Solo l’1% dei dottorandi riesce a lavorare dopo il periodo di ricerca. Tutti gli altri avranno semplicemente allungato, di tre o cinque anni, la loro permanenza all’Università ritardando così l’ingresso nel mondo del lavoro.
Il risultato? L’Italia è all’ultimo posto in Europa per numero di dottorandi (1 ogni 1000 abitanti), superata persino dalla Polonia e dall’Islanda.
Ma a far scivolare in coda alla classifica il nostro Paese, è anche il guadagno netto di un ricercatore: appena 1005 euro al mese, denaro che spesso non basta neanche a pagare spostamenti, convegni e conferenze ai quali un dottorando deve necessariamente partecipare.

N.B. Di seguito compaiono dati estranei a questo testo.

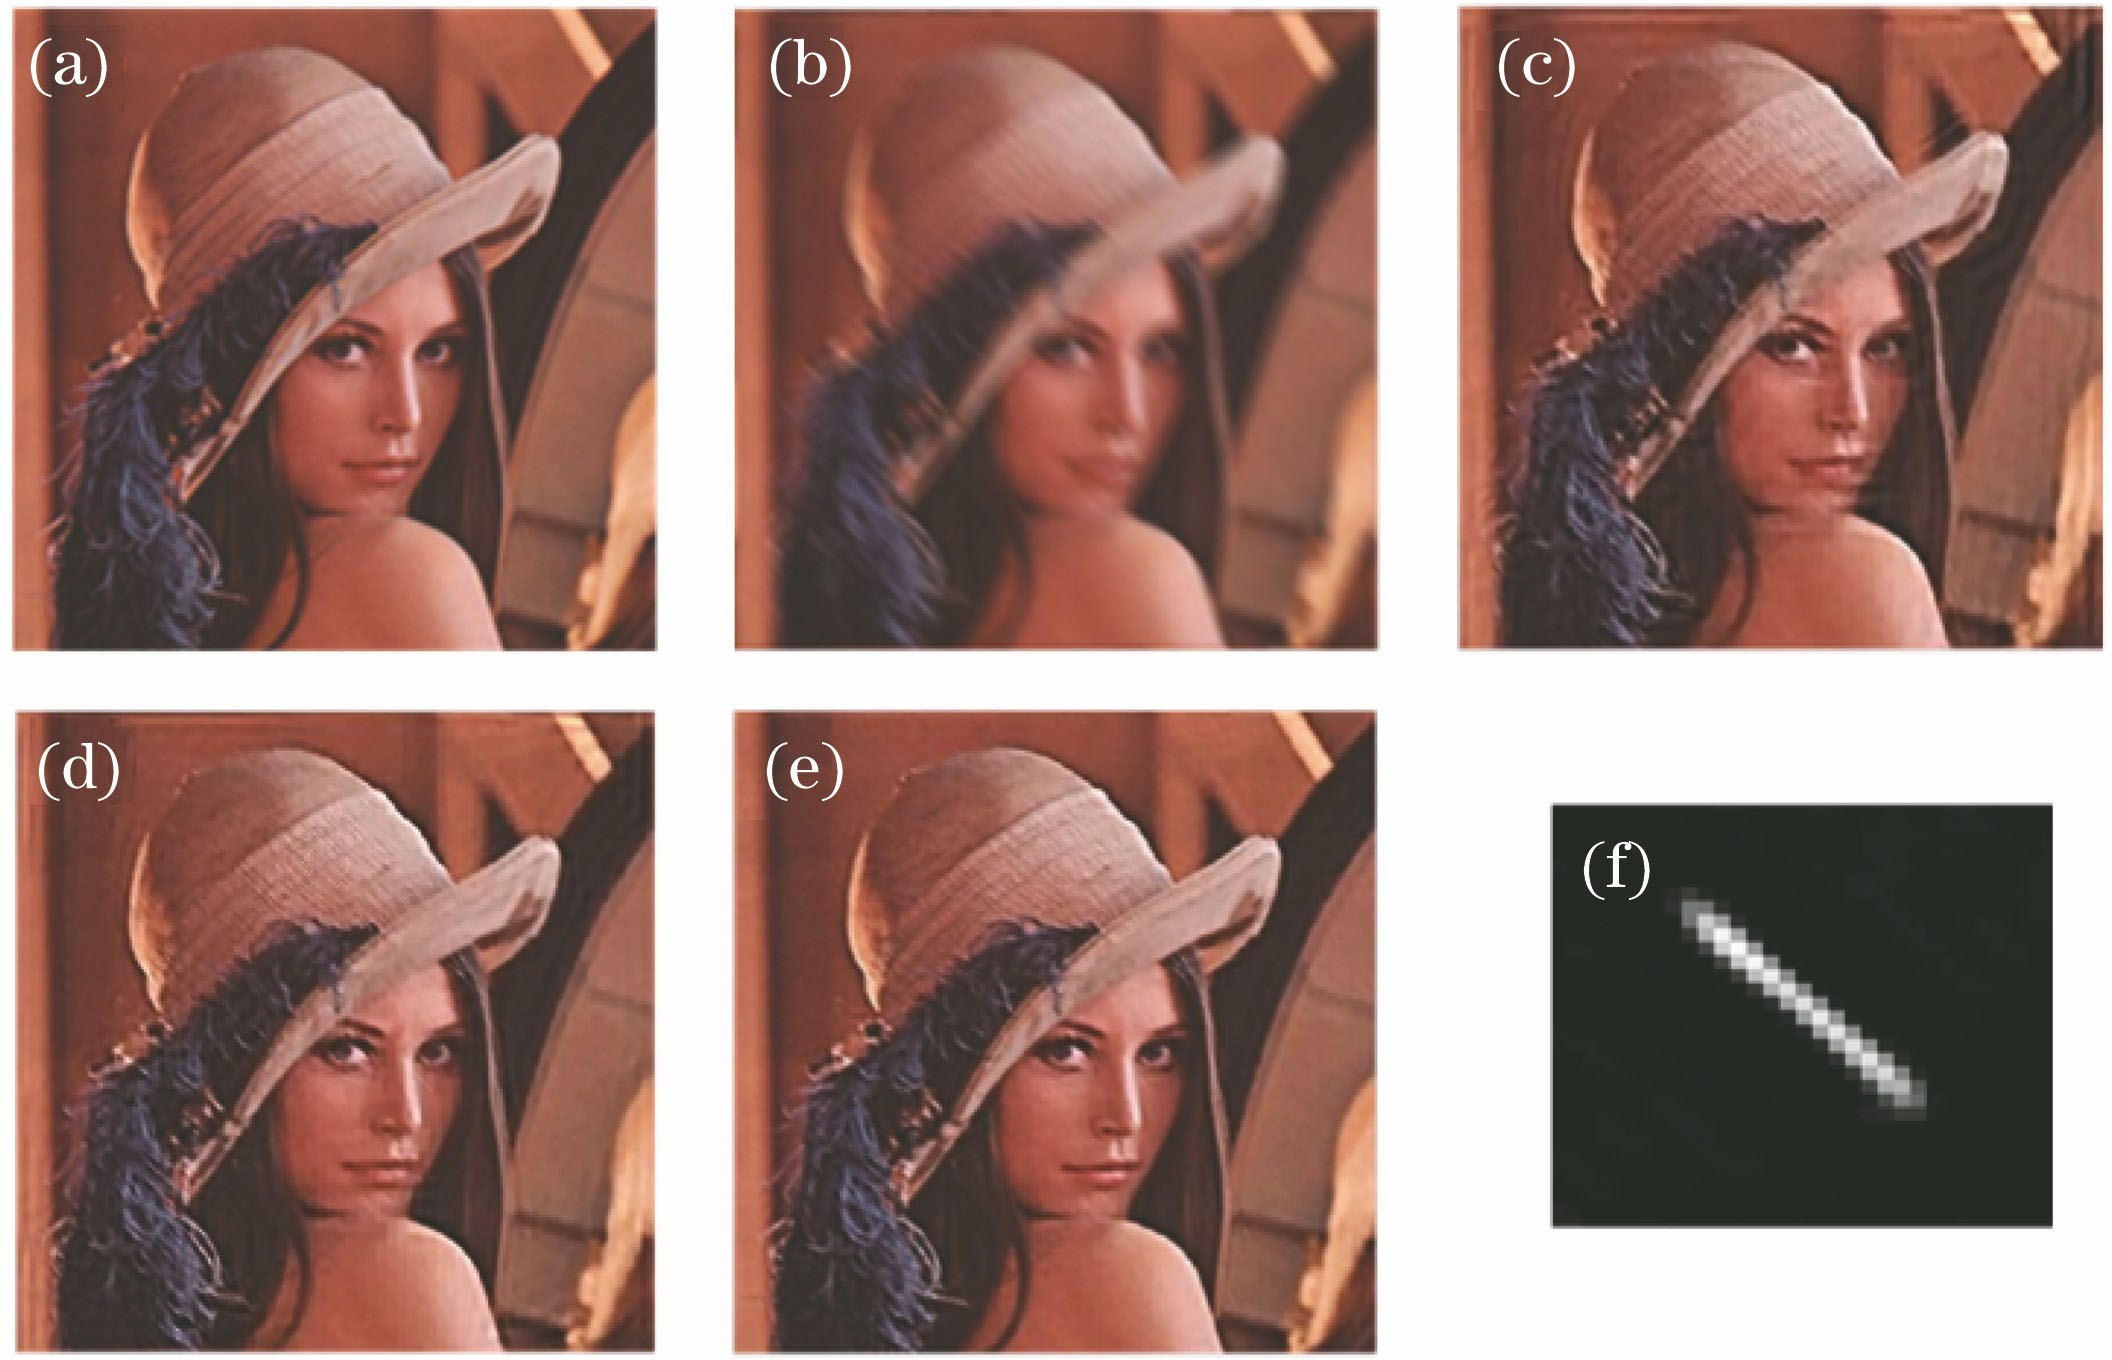 Comparison results of the blind recovery of blurred images for Lena with kernel K1. (a) Original image; (b) blurred image with kernel K1; (c) method of Ref.[9]; (d) method of Ref.[19]; (e) proposed method; (f) blurred kernel estimated by proposed method

C’è poi la questione “accesso” ai posti banditi con regolare concorso.
Molti studenti denunciano irregolarità, scasa trasparenza e totale trascuratezza dei principi minimi di meritocrazia.
Realtà inquietanti che stanno producendo una prima pericolosa tendenza: negli ultimi anni i dipartimenti si trovano con offerte di dottorato con o senza borsa di studio, alle quali non fa riscontro la domanda da parte dei laureati, scoraggiati dalla grande incognita del post ricerca.
Sono numeri e dati allarmanti quelli raccolti dal corriere dell’Università Job che dedica l’inchiesta di maggio alla difficile vita dei dottorandi.
“Pensiero Stipendio” il titolo della copertina del mensile in edicola venerdì prossimo a Roma e a Napoli, ed il 7 maggio prossimo a Milano.